Долли стояла подле них, слышала их, но не отвечала.
Она была растрогана. Слезы стояли у ней в глазах,
и она не могла бы ничего сказать, не расплакавшись.Она
радовалась на Кити и Левина; возвращаясь мыслью
к своей свадьбе, она взглядывала на сияющего Степана
Аркадьича, забывала все настоящее и помнила только
свою первую невинную любовь. Она вспоминала не одну
себя, но всех женщин, близких и знакомых ей; она
вспомнила о них в то единственное торжественное для них
время, когда они, так же как Кити, стояли под венцом с
любовью, надеждой и страхом в сердце, отрекаясь от
прошедшего и вступая в таинственное будущее.В числе этих всех
невест, которые приходили ей на память, она вспомнила
и свою милую Анну, подробности о предполагаемом
разводе которой она недавно слышала. И она также, чистая,
стояла в померанцевых цветах и вуале. А теперь что?
- Ужасно странно, - проговорила она.
Не одни сестры, приятельницы и родные следили за
всеми подробностями священнодействия; посторонние
женщины, зрительницы, с волнением, захватывающим
дыхание, следили, боясь упустить каждое движение,
выражение лица жениха и невесты и с досадой не отвечали
и часто не слыхали речей равнодушных мужчин,
делавших шутливые или посторонние замечания.
- Что же так заплакана? Или поневоле идет?
- Чего же поневоле за такого молодца? Князь, что ли?
- А это сестра в белом атласе? Ну, слушай, как
рявкнет дьякон: "Да боится своего мужа".
- Чудовские?
- Синодальные.
- Я лакея спрашивала. Говорит, сейчас везет к себе
в вотчину. Богат страсть, говорят. Затем и выдали.
- Нет, парочка хороша.
- А вот вы спорили, Марья Власьевна, что
карналины в отлет носят. Глянь-ка у той в пюсовом,
посланница, говорят, с каким подбором... Так, и опять этак.
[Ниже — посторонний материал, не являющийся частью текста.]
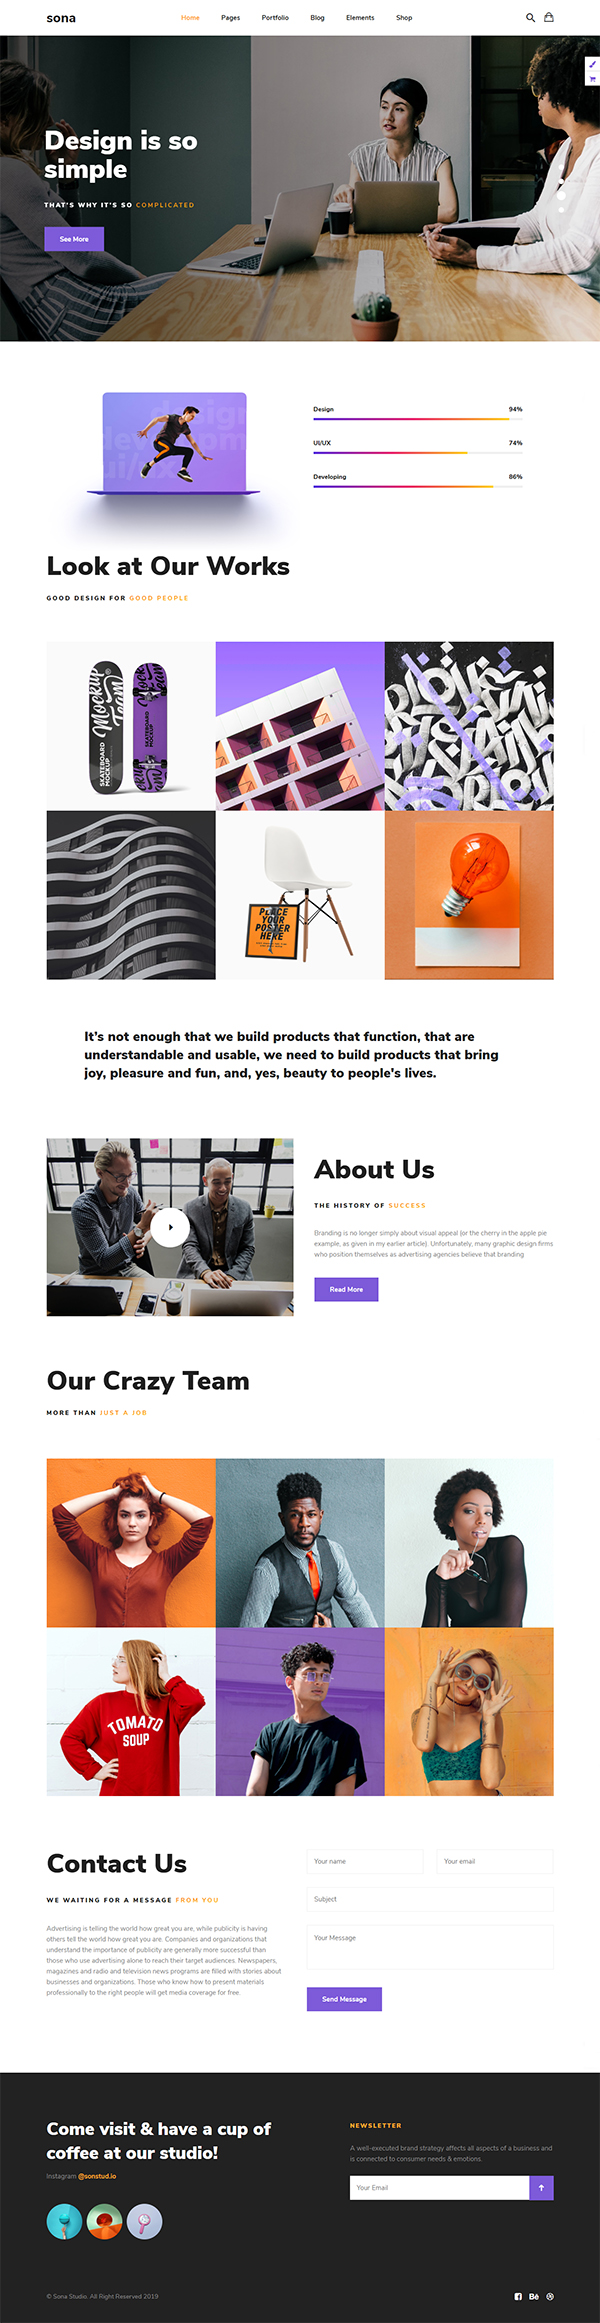 Sona - Web Design and Digital Marketing Agency WordPress

- Экая милочка невеста-то, как овечка убранная!
А как ни говорите, жалко нашу сестру.
Так говорилось в толпе зрительниц, успевших проскочить в двери церкви.
VI
Когда обряд обручения окончился, церковнослужитель постлал
пред аналоем в середине церкви кусок розовой шелковой ткани, хор
запел искусный и сложный псалом, в котором бас и тенор перекликались между
собой, и священник, оборотившись, указал обрученным на
разостланный розовый кусок ткани. Как ни часто и
много слушали оба о примете, что кто первый ступит на
ковер, тот будет главой в семье, ни Левин, ни Кити не
могли об этом вспомнить, когда они сделали эти
несколько шагов. Они не слышали и громких замечаний и
споров о том, что, по наблюдению одних, он стал прежде,
по мнению других, оба вместе.
После обычных вопросов о желании их вступить
в брак, и не обещались ли они другим, и их странно для
них самих звучавших ответов началась новая служба.
Кити слушала слова молитвы, желая понять их смысл,
но не могла. Чувство торжества и светлой радости по
мере совершения обряда все больше и больше
переполняло ее душу и лишало ее возможности внимания.
Молились "о еже податися им целомудрию и плоду
чрева на пользу, о еже возвеселитися им видением сынов
и дщерей". Упоминалось о том, что бог сотворил жену
из ребра Адама, и "сего ради оставит человек отца и
матерь и прилепится к жене, будет два в плоть едину",
и что "тайна сия велика есть"; просили, чтобы бог дал
им плодородие и благословение, как Исааку и Ревекке,
Иосифу, Моисею и Сепфоре, и чтоб они видели сыны
сынов своих. "Все это было прекрасно, - думала Кити,
слушая эти слова, - все это и не может быть иначе", -
и улыбка радости, сообщавшаяся невольно всем
смотревшим на нее, сияла на ее просветлевшем лице.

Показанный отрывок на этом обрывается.